**TASK INSTRUCTIONS:**
Pictures do not belong in your copy. Repeat all the other data exactly.

**DATA BLOCK:**
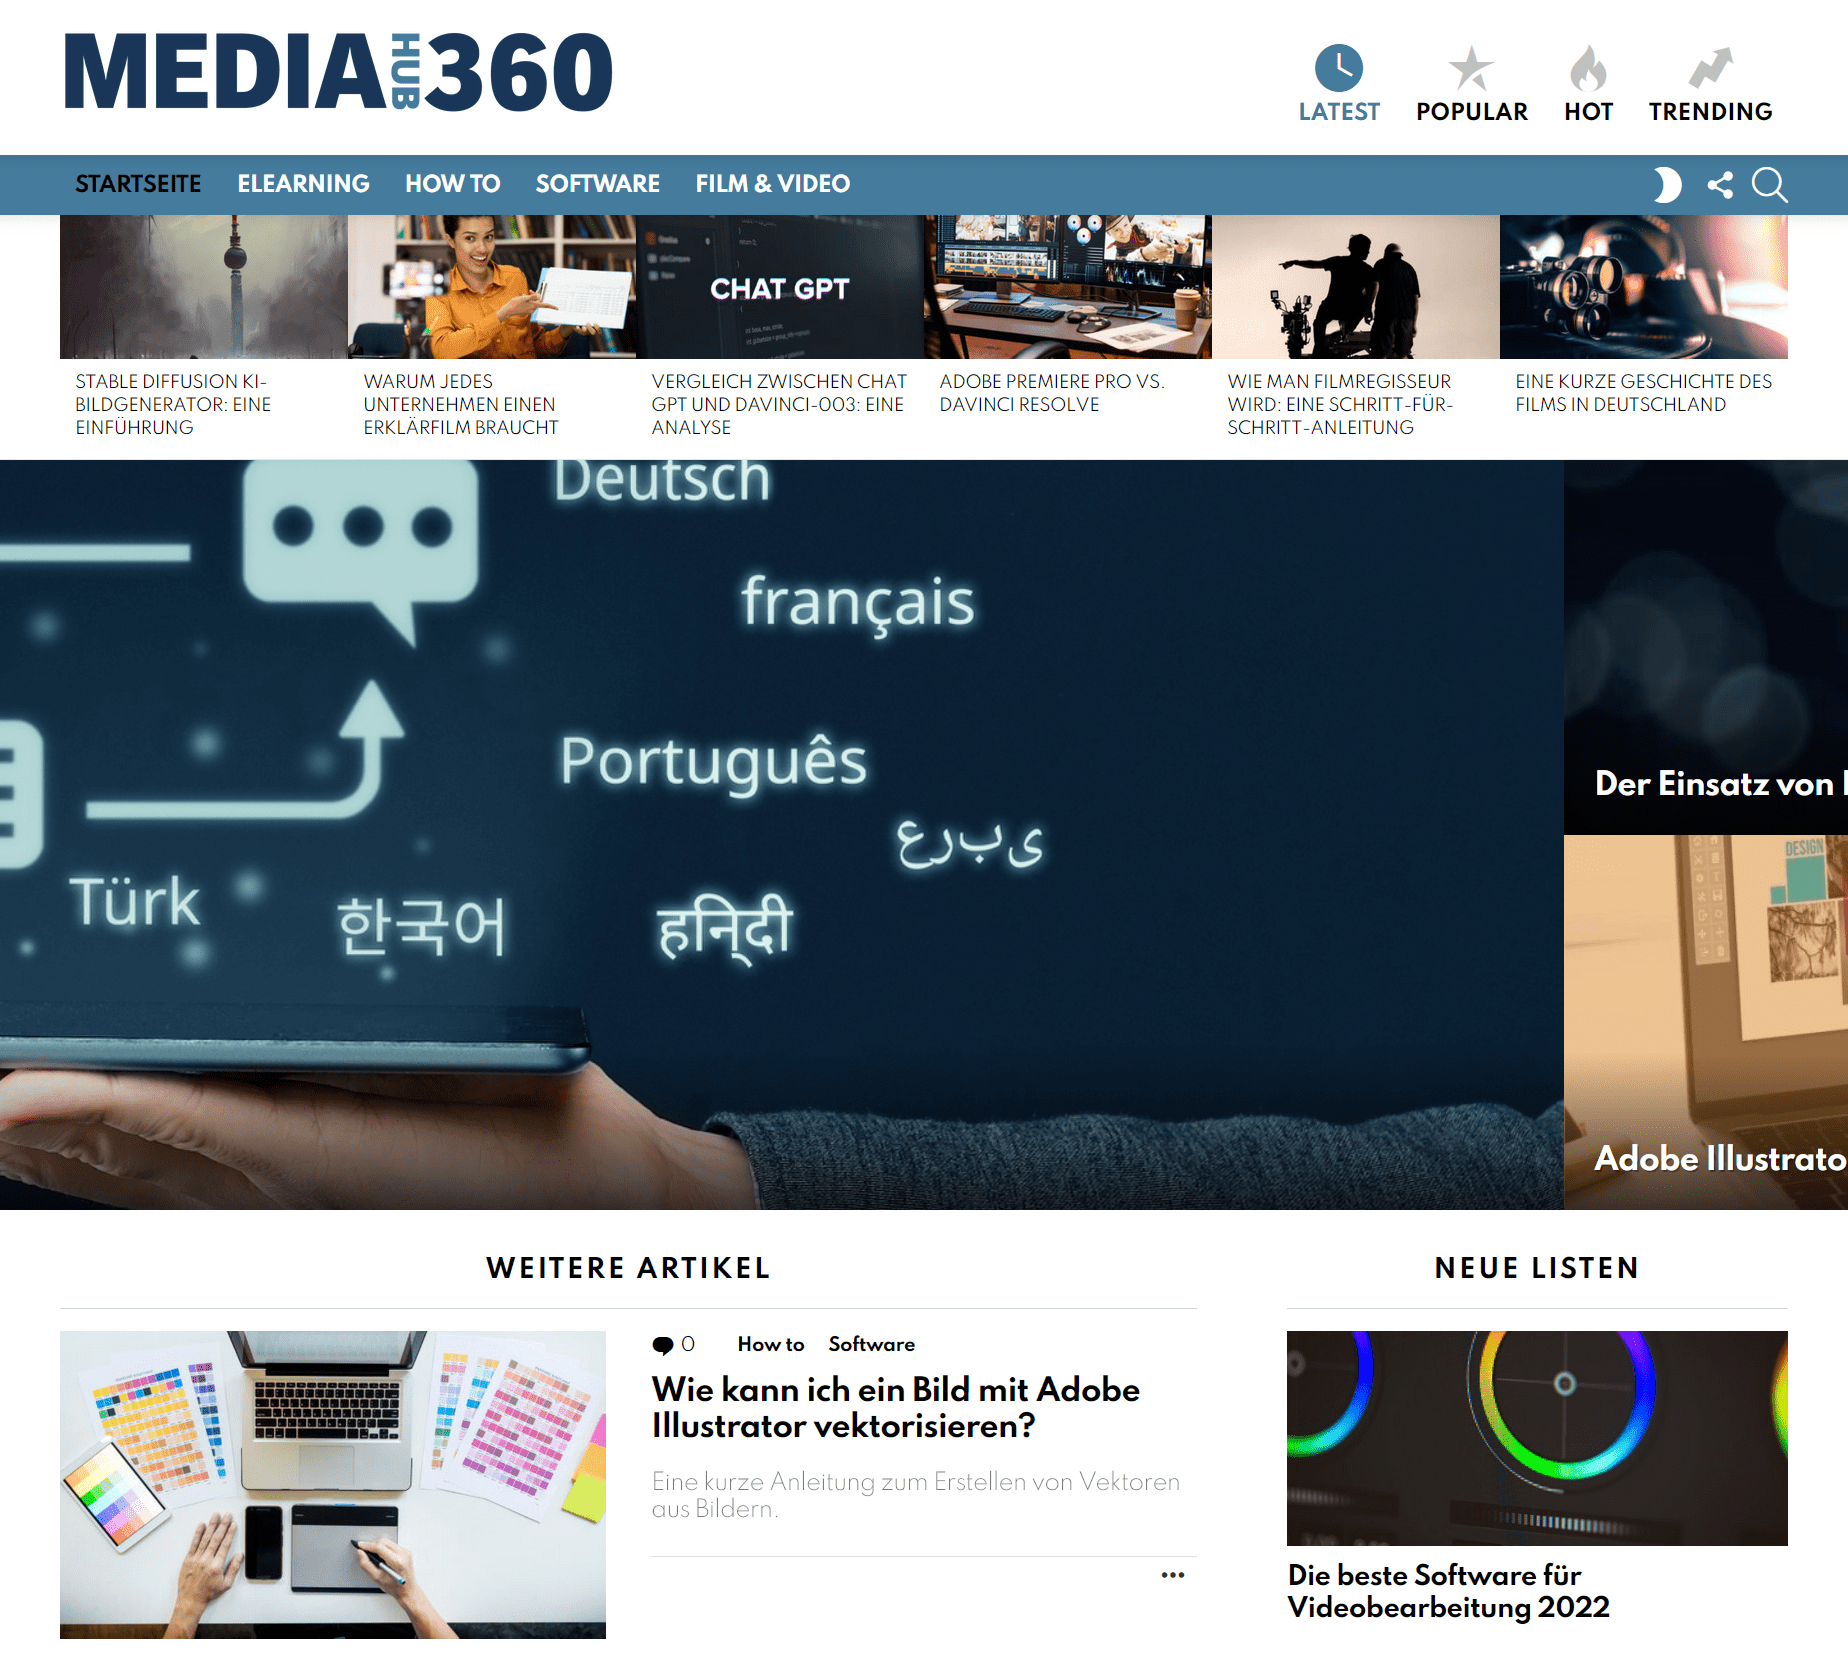 Mediahub360 startseite that works media
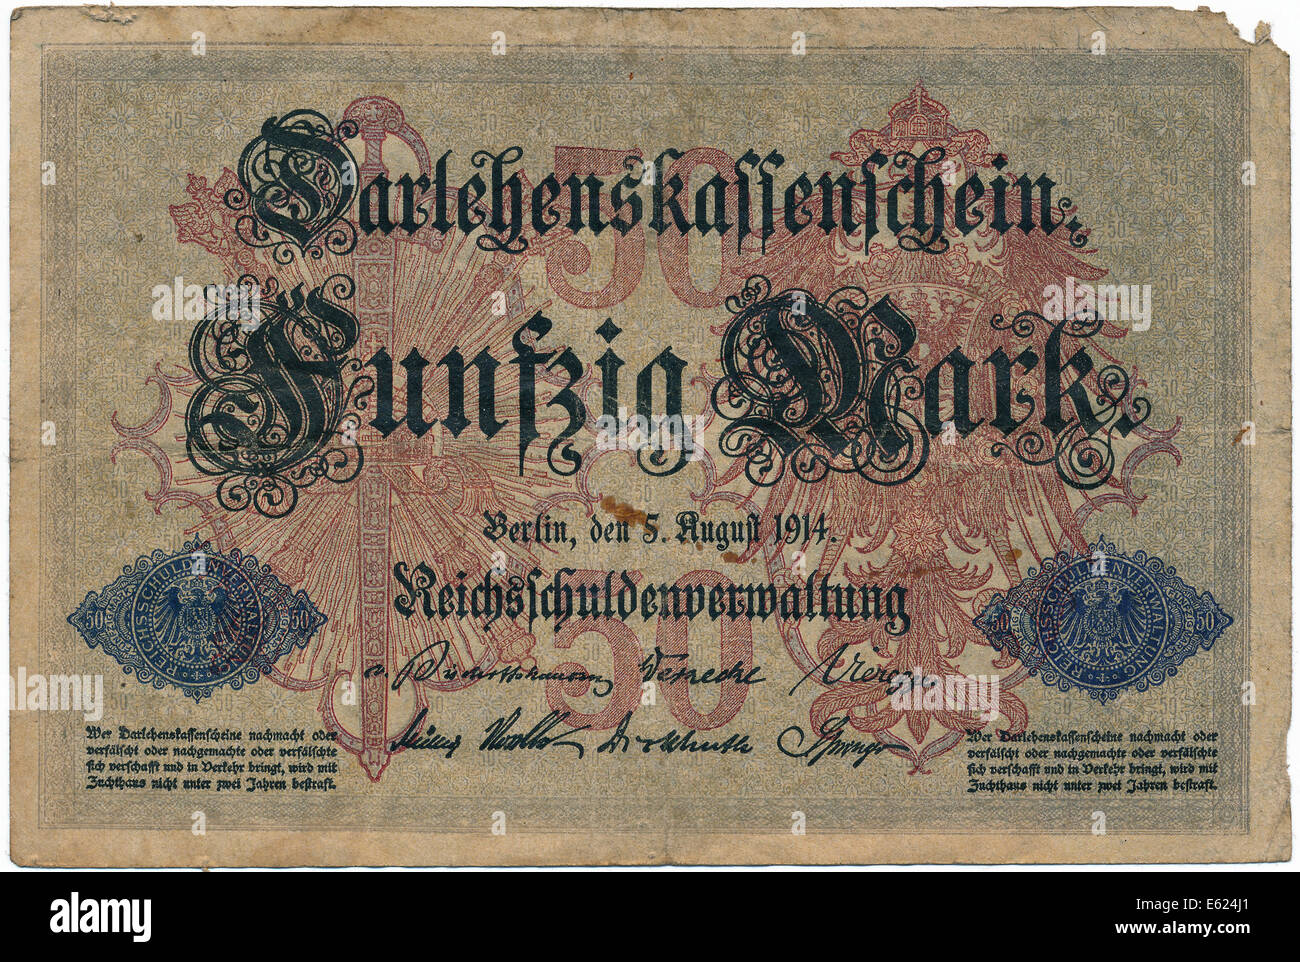 Old banknote, loan cash certificate, 50 marks, front, Reichsschuldenverwaltung, German Reich debt administration, 1914 Stock Photo
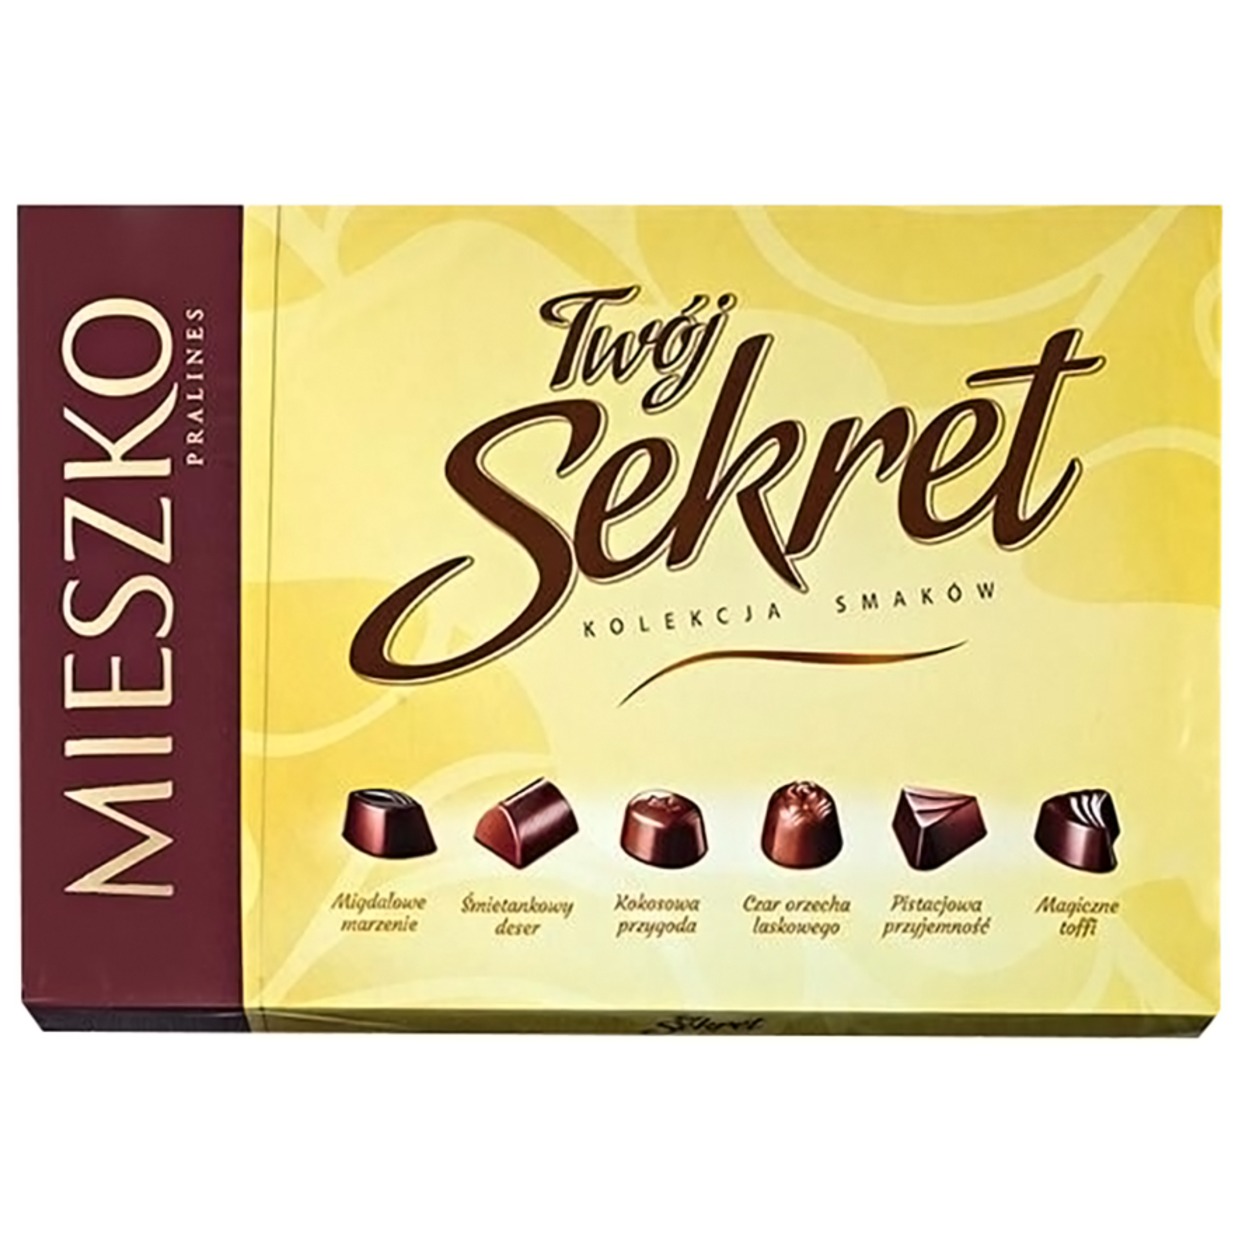 Ассорти шоколадных конфет их темного и молочного шоколада с начинкой (6 вкусов) Твой секрет 139г

**FINISHED TASK:**
 Mediahub360 startseite that works media
 Old banknote, loan cash certificate, 50 marks, front, Reichsschuldenverwaltung, German Reich debt administration, 1914 Stock Photo
 Ассорти шоколадных конфет их темного и молочного шоколада с начинкой (6 вкусов) Твой секрет 139г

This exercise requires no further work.